Summary

This project demonstrated that grain protein maps from the previous season can help guide more accurate nitrogen (N) fertiliser decisions within paddocks. Across three of four paddocks, historic protein was a more reliable indicator of soil available N than grain yield or N removal. Areas with higher protein generally required less applied N to maximise returns, while low-protein zones were more responsive to fertiliser. Optimal N rates varied widely within paddocks, ranging from zero to 129kg/ha of N. The findings suggest protein mapping can support variable rate N strategies, improve fertiliser efficiency and reduce unnecessary input costs. However, further research is needed across a broader range of paddocks and seasonal conditions to validate and refine this approach.

Background

Nitrogen fertiliser is the highest variable input cost for many grain growers, yet N deficiency remains a major cause of unrealised yield potential. Growers often apply conservative N rates due to uncertainty around rainfall, haying-off risk and difficulty predicting in-season demand. Traditional soil testing provides only a snapshot of soil mineral N and often fails to represent the high spatial variability found within paddocks. The increasing availability of harvester-mounted grain protein analysers has created an opportunity to use historic protein data as an additional decision-support layer for N management.

Research Aims

The core objectives of the project were to:

• Examine the relationship between pre-seeding soil mineral N to grain yield and protein maps from the previous season
• Assess how historical grain yield and protein maps explain spatial variability in N response across paddocks
• Explore whether protein maps can be used to develop variable rate N fertiliser prescriptions.

In The Field

The project was conducted over the 2023 and 2024 seasons in four paddocks at Bute and Redhill. Two collaborating growers provided historic grain yield and protein maps, where data were generated using standard yield monitors and CropScan grain analysers. Within each paddock, four zones were selected to represent different combinations of yield and protein.

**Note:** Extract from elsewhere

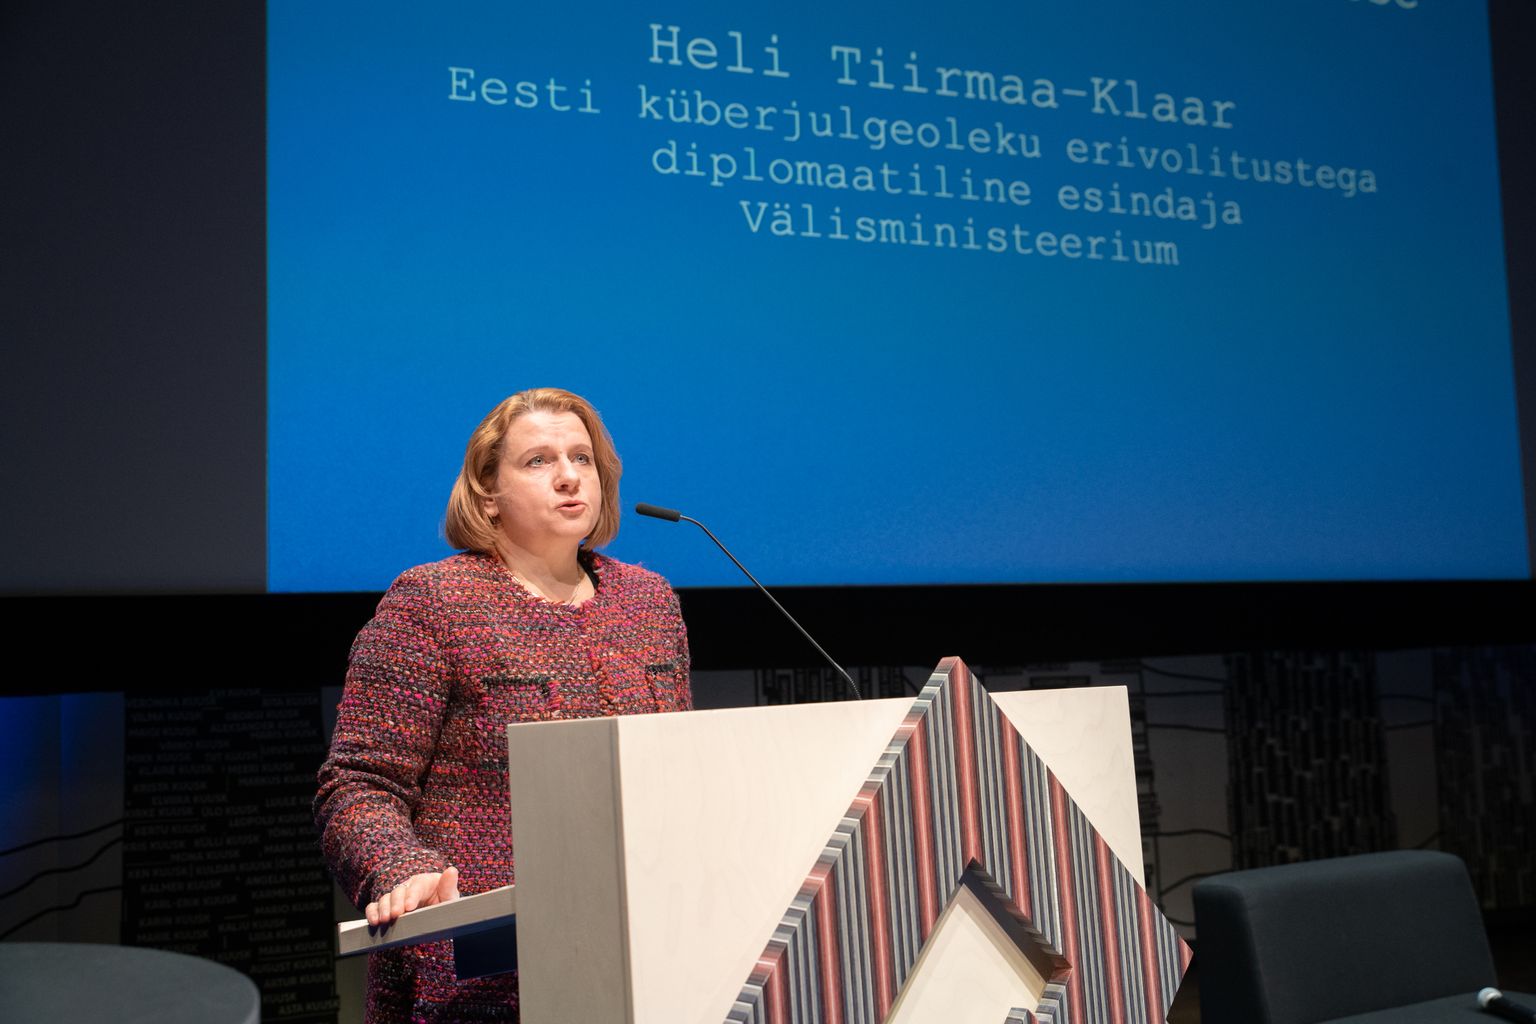 Küberjulgeoleku erivolitustega esindaja Heli Tiirmaa-Klaar.

Small plot N response trials were established within each zone, with urea applied post-emergent at rates from 0 to 200kg/ha of N. Soil mineral N was measured before seeding, and grain yield and protein were measured at harvest. These trials allowed N responses to be compared directly with historic protein and yield data.

Results

Grain protein in the previous season was a more reliable indicator of soil available N across sites and seasons than grain yield or N removal (yield x protein). On average, each one per cent increase in grain protein from the previous season corresponded to an increase of approximately 8.5kg/ha of soil N measured in the following year pre-seeding.

Protein data also helped explain large differences in fertiliser responses within paddocks. Across three paddocks and 12 trial sites, the N rate that maximised partial gross margin ranged from 0 to 129kg/ha of N, with an average of 76kg/ha. Zones with higher historic protein generally required lower N rates to achieve maximum returns.

At Redhill, each one per cent increase in historic protein reduced the optimal N rate by approximately 16kg/ha. At Bute, the response varied by season, with reductions of around 15kg/ha per one per cent protein increase in 2024. In 2023 there was a steeper response driven by one highly responsive site, with a one per cent protein increase reducing optimal N rate by 42kg/ha. In one moisture-stressed paddock in 2024, yield responses to N were negative, highlighting the influence of seasonal conditions.

Sites varied in the absolute N requirement for a given historical protein. For a historical protein level of 10 per cent, the N rate required to maximise partial gross margin (PGM) for Redhill in 2023 was 129kg N/ha, and for Bute was 68kg N/ha in 2023 and 51kg N/ha in 2024. Protein data was shown to support management of within paddock variability and allocation of N within the paddock. However, complementary data and decision-making tools are still required to determine optimal rates between paddocks, from which the protein map can then redistribute according to expected relative response.

The project also demonstrated how protein maps could be converted into variable rate N prescription maps. In a case study paddock at Bute, recommended N rates ranged from 0 to 110kg/ha, reflecting strong spatial variability in protein and N demand.